Выбрать главу

Итак, Кэтрин не удалась роль подруги баловня славы (да и едва ли нашлась бы такая счастливица), а его деспотическое властвование тем более мешало ей взять с мужем верный тон. Его систематическая проверка порядка в детских накаляла и без того напряженную обстановку в семье. Мне представляется также, что пример образцового ведения хозяйства, подаваемый Джорджиной (хотя ее нельзя за это осуждать), едва ли помогал Кэтрин в роли хозяйки дома. К 1851 году Кэтрин уже страдала от головокружений на нервной почве. Состояние ее еще ухудшилось после неожиданной смерти грудной дочери Доры, когда Кэтрин сама лечилась в Малверне. Все же в то время Диккенс был еще к ней предупредителен и нежен: «Кэт чувствует себя хорошо, насколько это возможно в ее положении. Хотя я не знаю пока последствий, которые пережитое потрясение окажет на ее психику, она совершенно смирилась со случившимся и может уже говорить об этом спокойно. Она так хорошо держится со всеми, что, я надеюсь, несчастье не оставило в ней слишком глубокого следа». За всем этим, однако, не слышно горячо любящего человека. Если миссис Диккенс действительно надеялась, передавая своей дочери Кэйти подобные письма мужа, на то, что «мир узнает, как он когда-то любил меня», то она горько ошиблась. Однако по крайней мере до 1854 года эти письма дышали привязанностью. Весьма важно и то, что в них выражены чувства, которыми Диккенс мало делился с кем-либо из своих корреспондентов. Особенно показательны несколько писем, датированных уже 1853 годом, когда Диккенс, Коллинз и Эгг совершали поездку по Италии. У нас нет других диккенсовских материалов, где бы он так словоохотливо и живо писал об англичанах, живущих в Генуе, Неаполе и Риме: в этих, отчасти желчных, письмах много радости от встречи со смешным в людях. В письмах к Джорджине он часто приписывает коротенькие сплетни специально для Кэтрин. Если вспомнить, какое важное место занимает в искусстве Диккенса чувство абсурдности человеческого поведения, то можно предположить, что общество жены явно помогало ему и бесконечно его стимулировало. Это только и можно противопоставить тому очевидному факту, что брак не пробудил в нем достаточного понимания женской психологии, оставив невыявленными чувства, связывавшие главных героев почти всех его произведений.

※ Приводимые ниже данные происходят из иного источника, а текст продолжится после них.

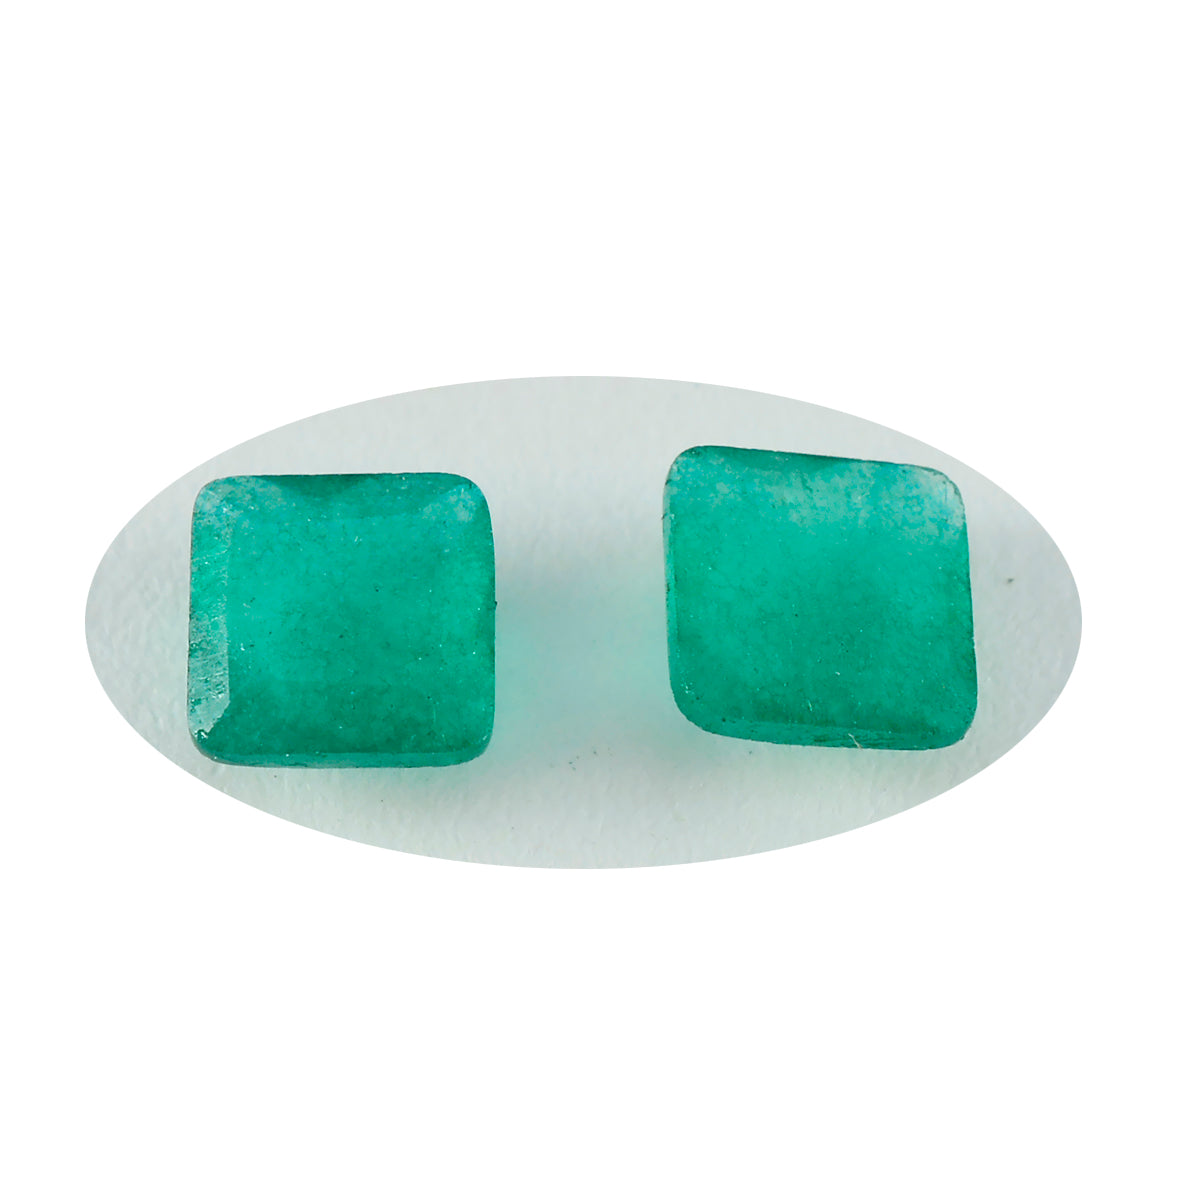 Riyogems 1 Stück echter grüner Jaspis, facettiert, 10 x 10 mm, quadratische Form, erstaunliche Qualität, lose Edelsteine

В пятидесятые годы его разочарование обществом, неприязнь к Англии и Лондону, приступы гнетущих сомнений в смысле жизни с неизбежностью усугубили и неудовлетворенность союзом с Кэтрин. Вероятно, инициатива исходила уже не от него одного — разочарование было взаимным. Его беспокойный нрав, частые и длительные поездки за границу, должно быть, подорвали и без того слабые способности Кэтрин к ведению хозяйства, а детям мешали получить систематическое образование. В этом Диккенса обвинять нельзя — его темперамент, характер его дарования требовали именно такой жизни; но жена и дети также неповинны в том, что такая жизнь их не устраивала. Я думаю, что к 1855 году брак стал, безусловно, досаждать ему, как и все остальное. Во время самого длительного проживания семьи в Париже (1855–1856) Джорджина, а не Кэтрин сопровождает его в веселых прогулках и поездках. Но действительным предвестником беды стало появление на сцене его прежней любви — Марии Биднелл.